Правда, на предложение Гаррика отдать Ингрид запеканку самому, произнесенное с крайне простодушным и невинным видом, Бэрр опять полыхнул темными глазами не хуже, и ушел — как от бывшего стражника, так и от разговора. Приди Бэрр к Ингрид, она бы съела что угодно, это Гаррику было понятно.
Что же, придется пока обходиться тремя мандаринками.
Гейра, подумав, сказала, что подготовит все дома.
— А то камни ратуши донесут своему каменному господину о творящемся тут безобразии! Нам нет никакого дела до его холодного золотого сердца, но мы покусились на саму его душу!

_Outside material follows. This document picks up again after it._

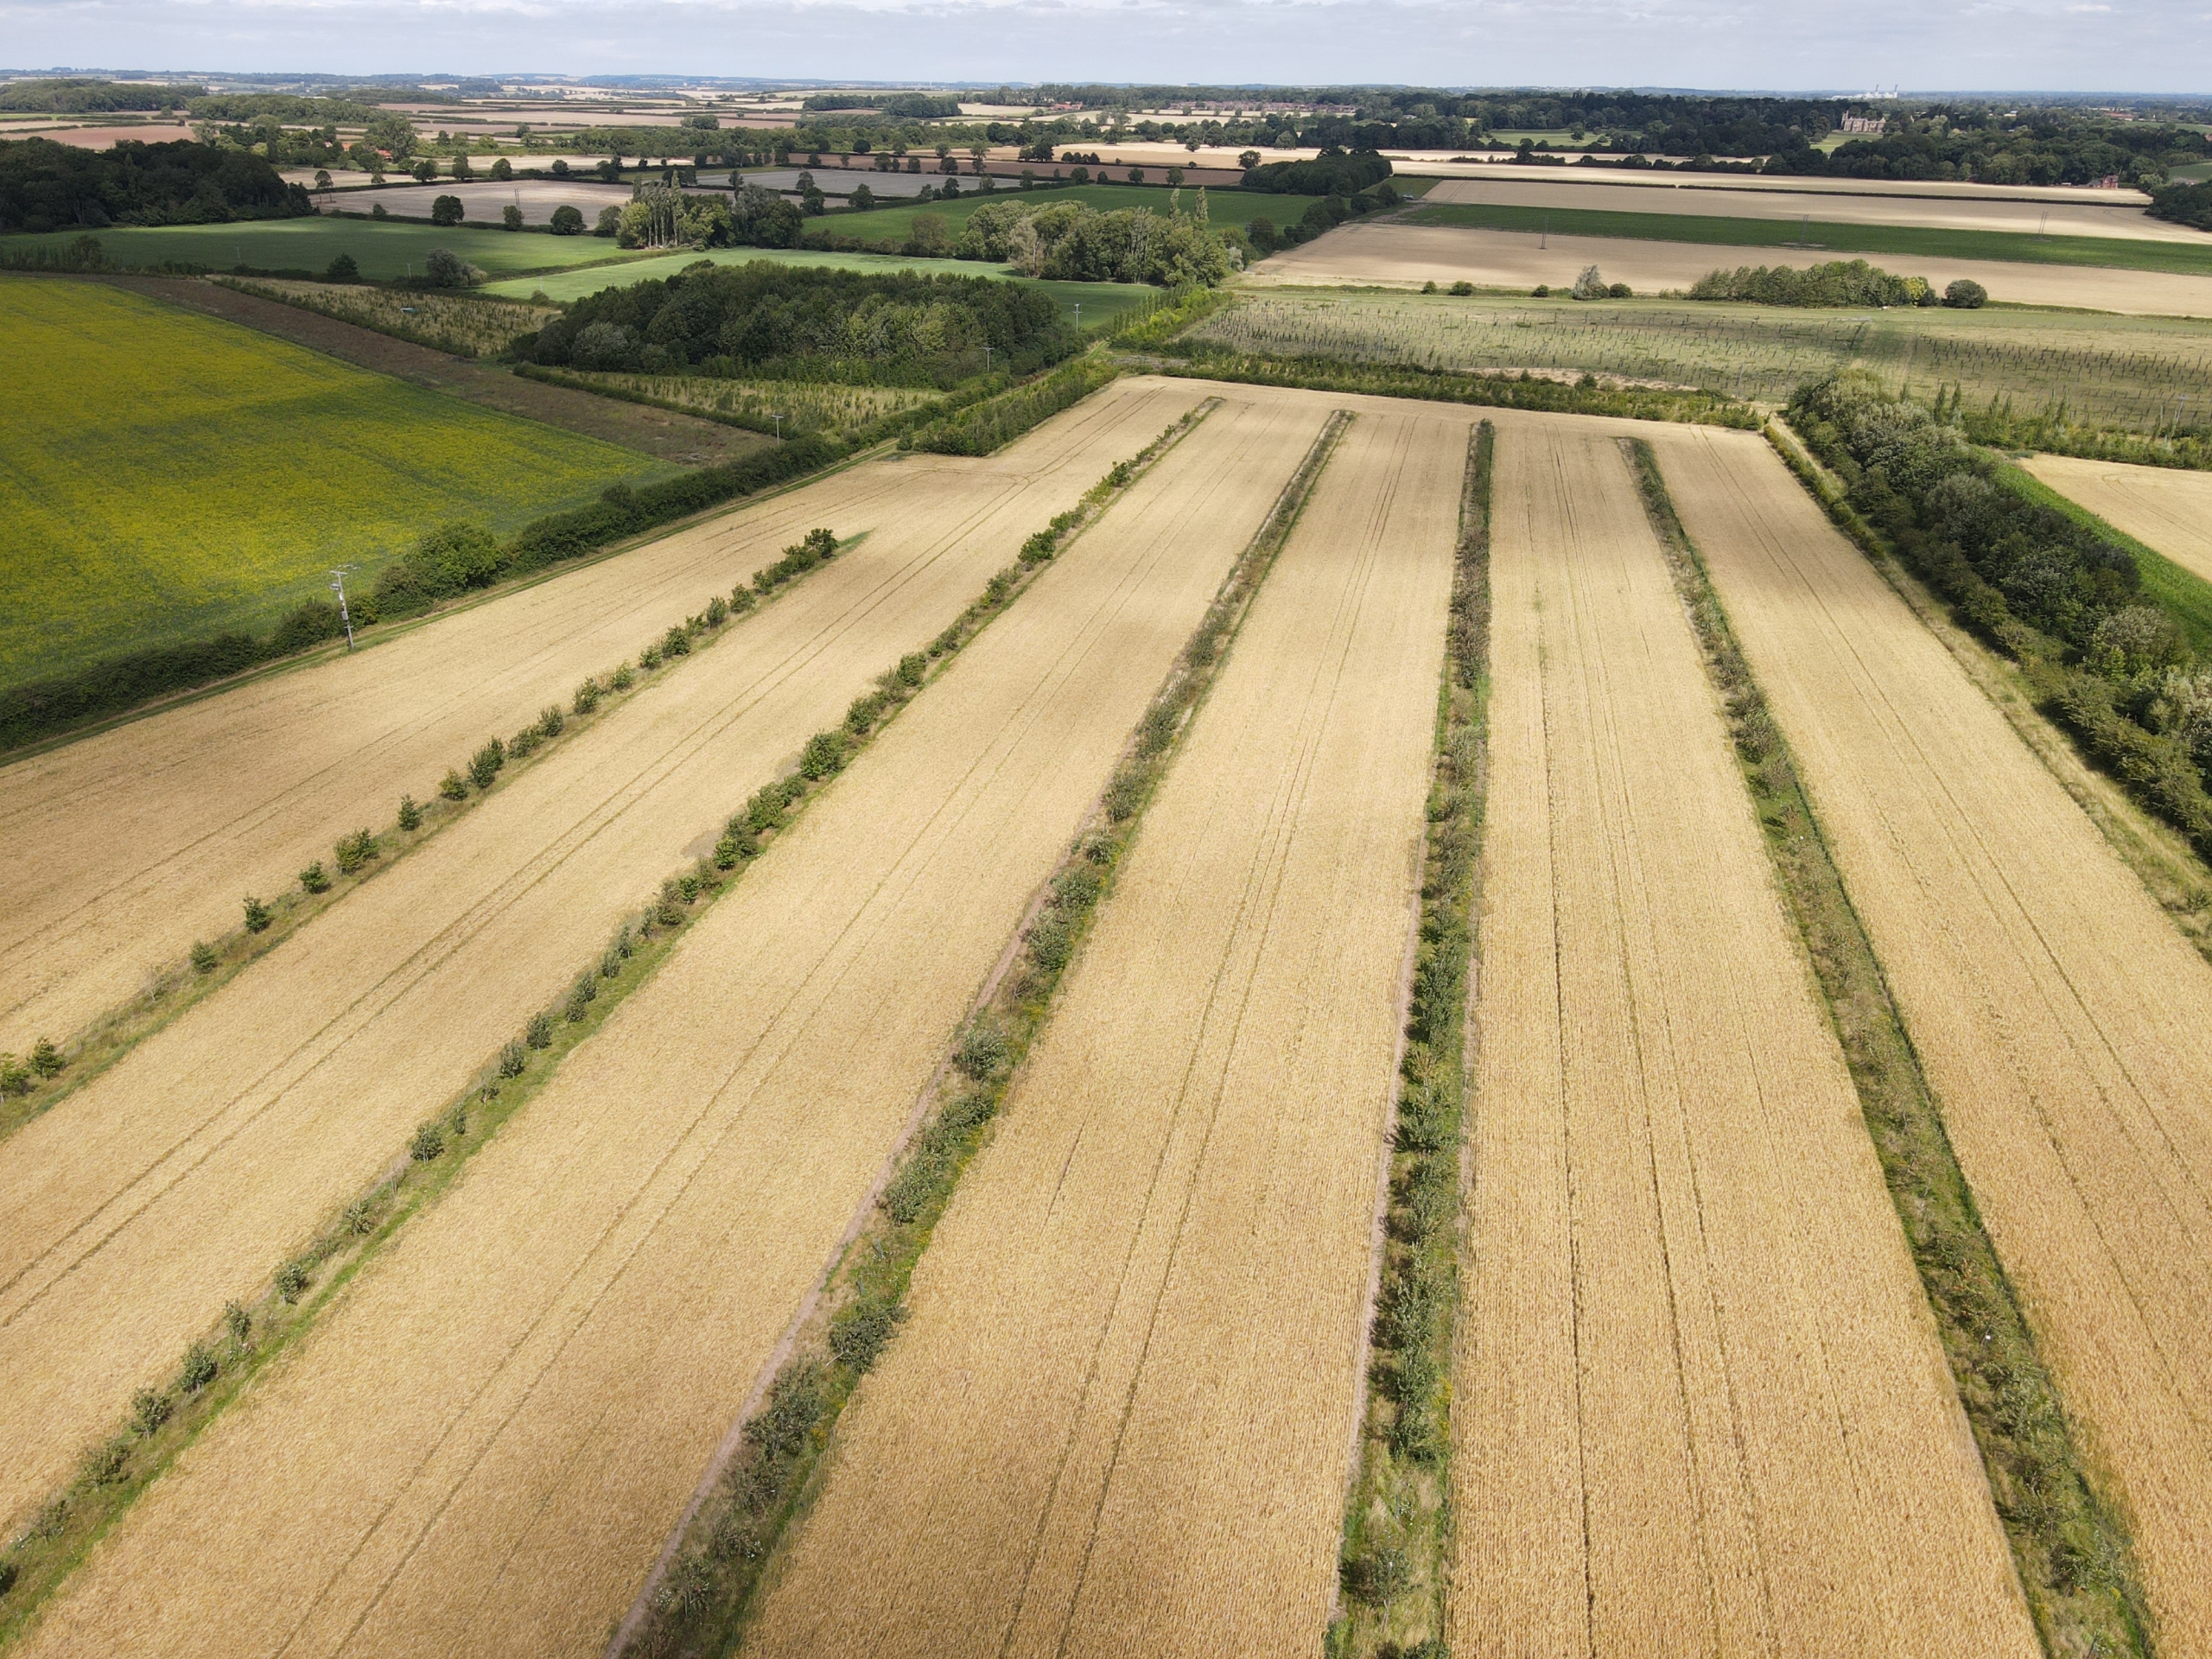 Home Farm from above showing trial areas and utilisation of marginal land

Гейра прищурилась, лицо непривычно и опасно заострилось, пальцы согнулись, будто нащупывая эту самую душу. И все равно Гейра была прекрасна. Потом, видно, вспомнив не о себе, а о ходивших по ратуше слухах, продолжила:
— Или злобное деревце решит сжить своего любимца со свету, скинув разом все свои листья — и всё в сторону Бэрра!
Спиральки волос возбужденно подпрыгнули, когда Гейра снова задрала голову и возвысила голос. Быстро улыбнулась, стряхнула с плеча застывшего Гаррика воображаемую пылинку, удерживая серьезное выражение лица, деловым тоном добавила:
— Господину первому помощнику, конечно, не привыкать переживать падение листьев, но зачем рисковать?
— И правда, незачем!
— А меня отпустили, — заглядывая ему в глаза и отпустив веселье, осторожно сказала Гейра, заправив особо надоедливую пружинку за ухо. — У винира встреча, важная настолько, что в ратуше оставили одних стражников. Мне нужно к маме, я знаю, ты работаешь, но я могла бы хоть проводить тебя!
— Это я прокачу тебя!
Гаррик перехватил руки Гейры, сжал в своих, притянул к груди, девушка покраснела от этого жеста больше, чем от всех поцелуев, вместе взятых. Он оглядел причал — у ратуши всегда было привязано несколько лодок в ожидании выхода знатных горожан. Лодок резных, изумительно нарядных, даже щегольских, украшенных разноцветными полотнами и разрисованных цветами по бокам.
Он пошептался с лодочником, усадил удивленную Гейру на нос одной из них, с самыми яркими цветами. Осторожно работая веслом, повел лодку по главному каналу, достаточно широкому даже для барж.
Затем выхватил с соседней лодки круглый букет из редких здесь, темных, почти черных ирисов, кинул монетку серебра вдогон и подарил цветы удивленной и обрадованной Гейре.
— И ещё, — по-деловому кивнул сам себе, смутился видом заинтригованной Гейры, но протянул все же сюрприз.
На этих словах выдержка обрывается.